There are a lot of reasons why Kentucky has lost the last three games. They’ve lost their defensive intensity, teams are really starting to defend Patterson and Meeks well, and to show off my history degree, there seems to be a general feeling of malaise surrounding the team. But there are more reasons than that, the biggest of which is the ice storm and Time Warner not allowing me to watch the games on TV in my own house. You may think this is just some freaky superstition, but the numbers speak for themselves. Kentucky is 16-4 when I watch the game on my TV. They’re 0-3 when I do not have this capability. Another reason is that I haven’t done a column on most hated players in a long time. I did it for Indiana and Tennessee, and those were two of our best performances of the year. So, with that in mind, here are a few of my least favorite Florida Gators.
Andrew DeClercq

It’s hard to put into words why I don’t like Andrew DeClercq, but I’ll give it the old college try.
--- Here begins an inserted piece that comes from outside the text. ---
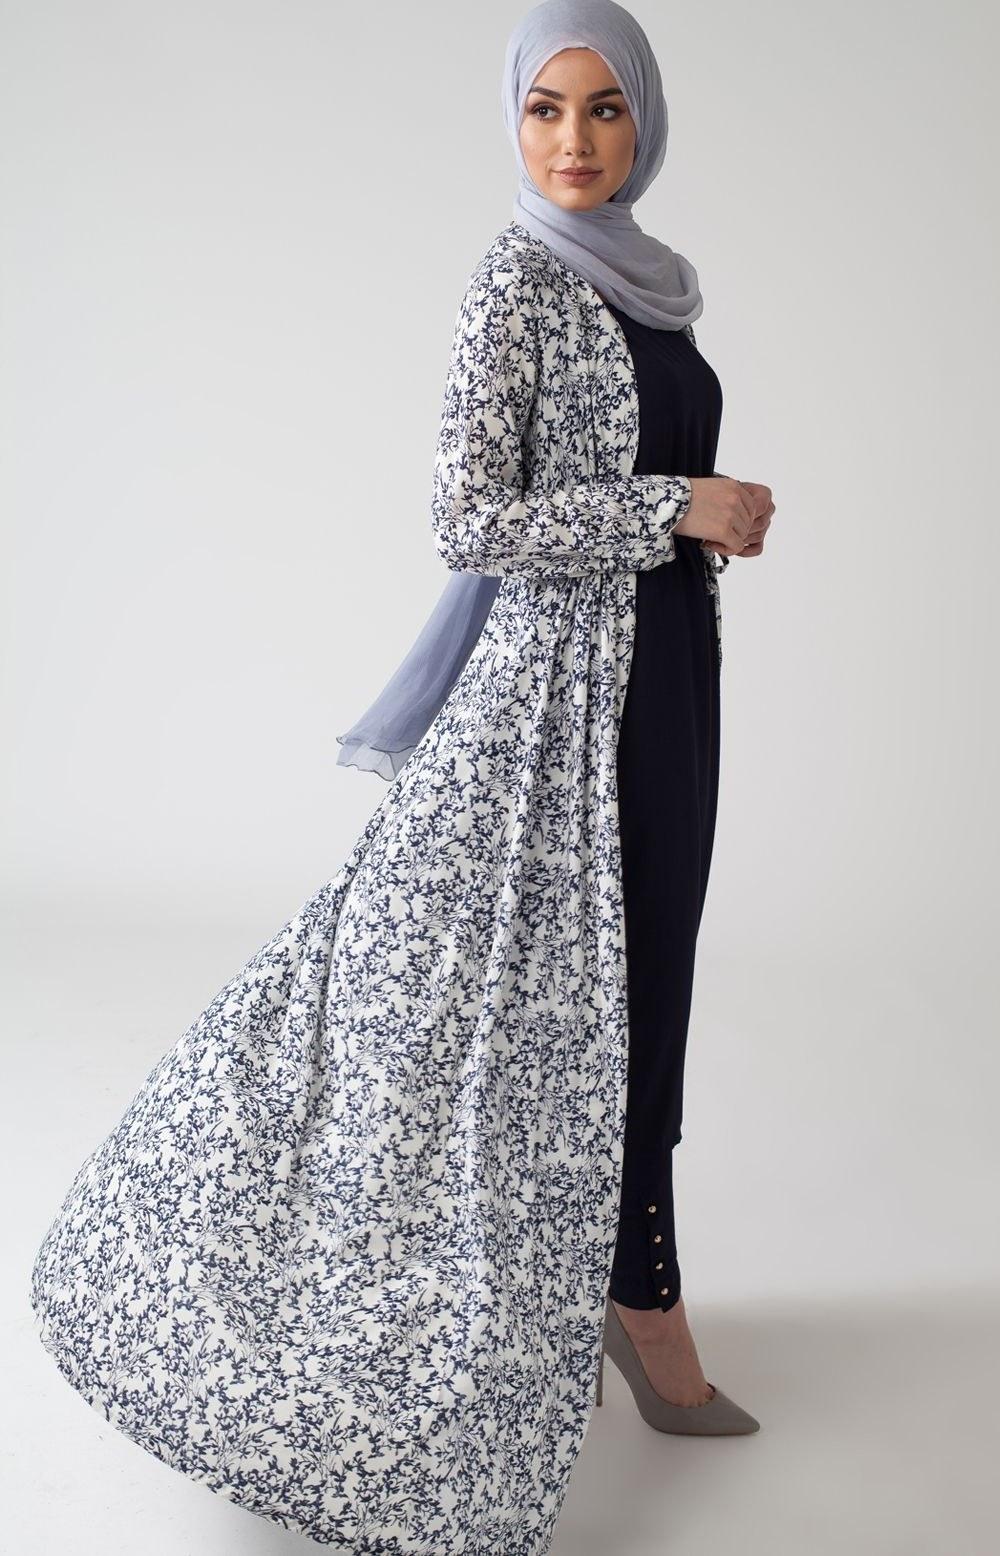 Ide Fashion Muslimah Drdp Blue Ivy Kimono What S New 2017

Andrew DeClercq should have played for Duke. He had that Duke personality – overly enthusiastic, loved hacking and flopping. He reminded me a lot of Matt Christensen, one of my least favorite players ever and my most hated Dukie ever. Only DeClercq had more talent than Christensen. He torched Kentucky for 20 rebounds in the worst game ever played back in 1994, a brutal Gator win.
Jason “White Chocolate” Williams

They call him White Chocolate for reasons you can figure out. He’s from rural West Virginia, and other than Kevin Federline, is the closest real life example of the main character of “Malibu’s Most Wanted.” I can’t stand people like that. Also, in the Cameron Mills Game from 1998, his range began at about 50 feet and he must have made all 2,795,382,036,978 of his shots that day. I’m glad we only played him once. When we got them back in Gainesville, Williams was suspended and we won by 25 points. Go figure.
Dametri Hill

I know what you’re thinking if you’re a Florida fan. “How can you hate Dametri Hill? He was fluffy! He was lovable! He was Da Meat Hook!” And he also couldn’t make a move in the paint without walking. Also, “Da Meat Hook” was more than just a baby hook shot in the lane. It was also what he used to clear the paint when he went up for rebounds. He got away with more than DeClercq did, and Declercq was a violent basketball player.
Joakim Noah

David Stern probably has enough pull that he can ensure that no team with Noah on its roster will ever win a title. We don’t have to worry about that with the Bulls, but you can just tell on Stern’s face that he wishes he were anywhere else with anybody else than right there with Joakim Noah. He’d rather be with Jeffrey Dahmer in a room with an empty fridge. Noah was the only one of the ’04 class that I didn’t like, but those games are so fresh on everybody’s minds that I don’t need to elaborate on this. I respected Horford, Brewer and Green, just like I respected Dan Cross and Craig Brown from those 90s teams.
Nick Calathes

Nick is a great player. It’s a free country, which means it’s his right to look like Butt-Head from “Beavis and Butt-Head” if he wants to. He should have gotten a technical foul for shoving Ramel Bradley after a dead ball in Gainesville last year. He’s too good of a player to be a punk like that.
Teddy Dupay

Teddy Dupay is a convicted rapist. I have to put him in this piece, or I’m saying I don’t mind a convicted rapist.